Ощупью добравшись до кухни, Антиплащ остановился в нерешимости. Здесь было темно, тепло и влажно, пахло чем-то пригоревшим; на плите что-то агрессивно булькало, шипело и брызгалось горячим паром, обещая обжечь, — и, машинально протянув руку, Антиплащ убавил силу горения конфорки. Искательно осмотрелся.
— В шкафчике у холодильника, — негромко, сдавленным голосом подсказала мамаша.
Так оно и оказалось. Нашарив свечи, Антиплащ постоял немного, не зная, куда их приспособить, чувствуя себя последним болваном — потом воткнул свечи в стоящие на столе стаканы и поджёг спичкой из найденного на подоконнике коробка.
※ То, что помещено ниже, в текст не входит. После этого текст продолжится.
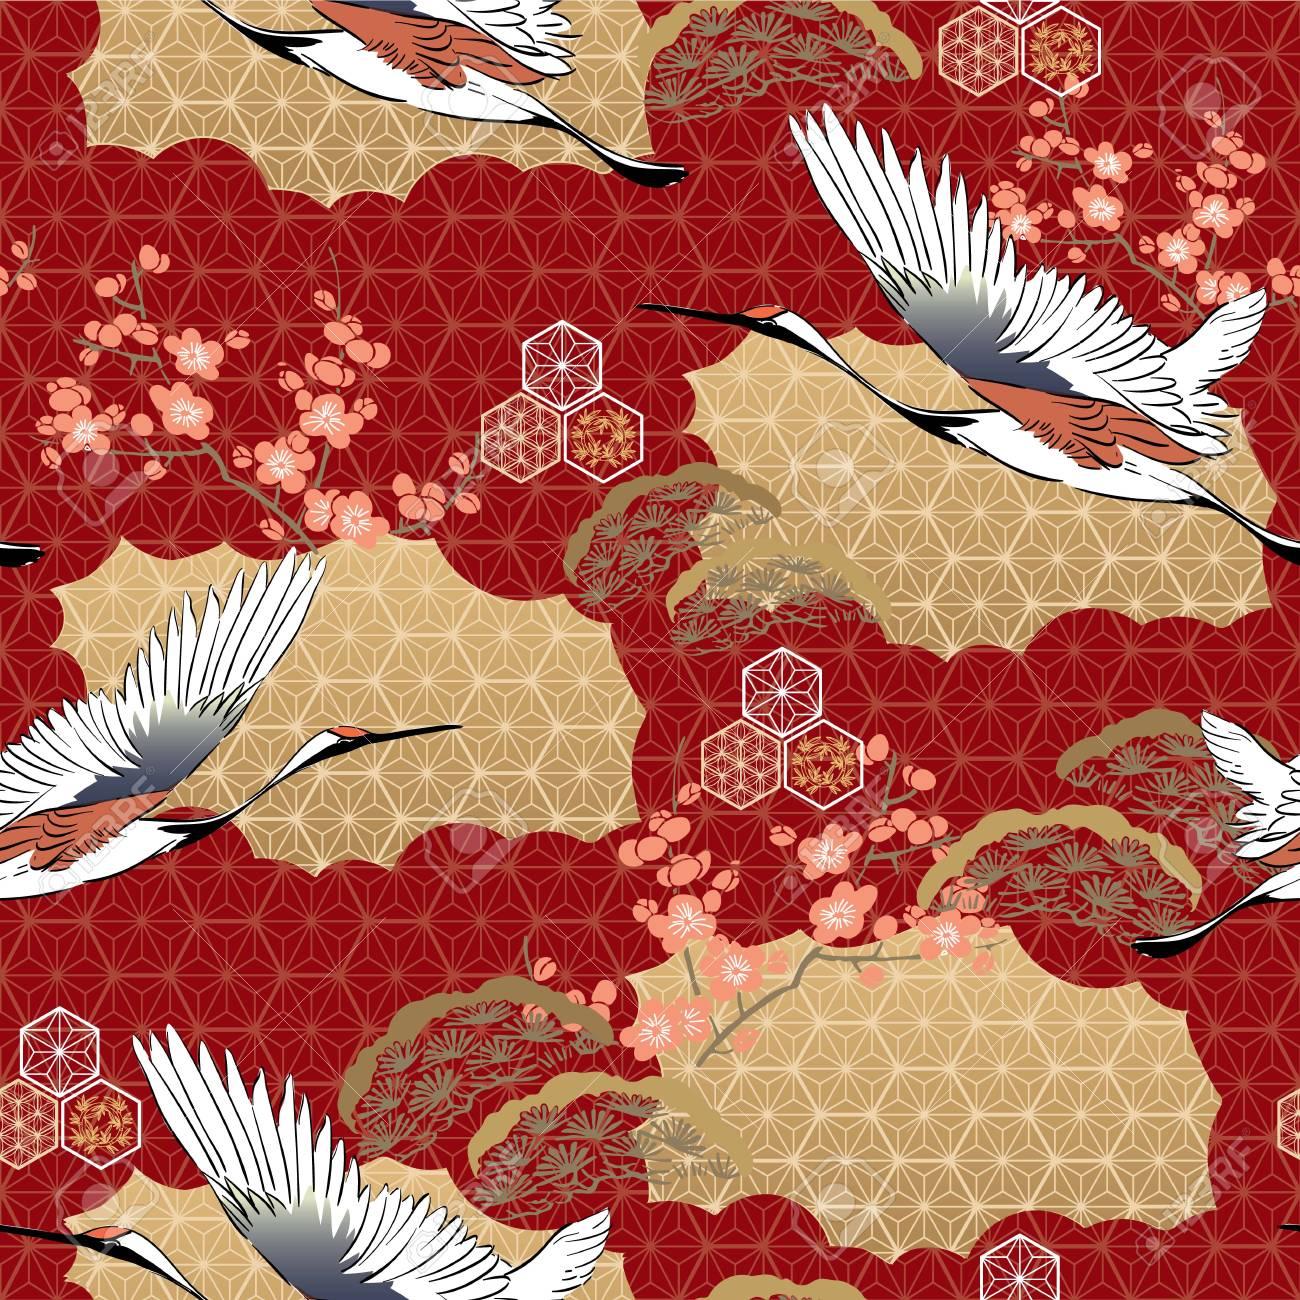 Japanese Kimono Pattern Cherry Blossom Crane Birds Pine Tree Royalty Free Cliparts Vectors And Stock Illustration Image 120809484

Кухонька наконец неохотно выплыла из полумрака: шкафчик с посудой, столик, покрытый цветастой клеенчатой скатёрткой, посудомоечная машинка у раковины, газовая плитка, холодильник в ярких наклейках — всё маленькое, компактное, какое-то игрушечное, словно из миниатюрного кукольного мира Молли. Из сказочного домика принцессы Розалинды…
— И часто у вас случается… такая романтика? — помолчав, спросил Антиплащ, глядя на тёплые язычки свечей — и на их отражения, мягко мерцающие в квадратиках кафельной плитки над раковиной.
— Бывает, — после паузы отозвалась мамаша. Через силу выдавила из себя это коротенькое слово, будто оно было из неподатливого, чересчур густого стекла.
— Каждый день! — радостно пискнула Молли. Она, конечно, не могла остаться в стороне от столь захватывающего приключения — и стояла в дверях, с любопытством высунув нос из-за мамашиной спины.
— Ну, не каждый день, но бывает, — стёртым, невыразительным голосом сказала мамаша: то ли она вконец устала бояться, то ли решила, что Антиплаща нужно просто перетерпеть, как, стиснув зубы, перетерпевают внезапную судорогу, то ли держала в рукаве какой-то другой, более крупный козырь — в темноте Антиплащ не мог видеть её лица.
Да, собственно говоря, и не хотел. Выражение её лица не обещало ему ничего нового — всё тот же ужас, всё та же ненависть, всё то же отвращение, всё то же с трудом скрываемое желание как можно быстрее от него избавиться… Таких лиц он насмотрелся в своей жизни более чем достаточно.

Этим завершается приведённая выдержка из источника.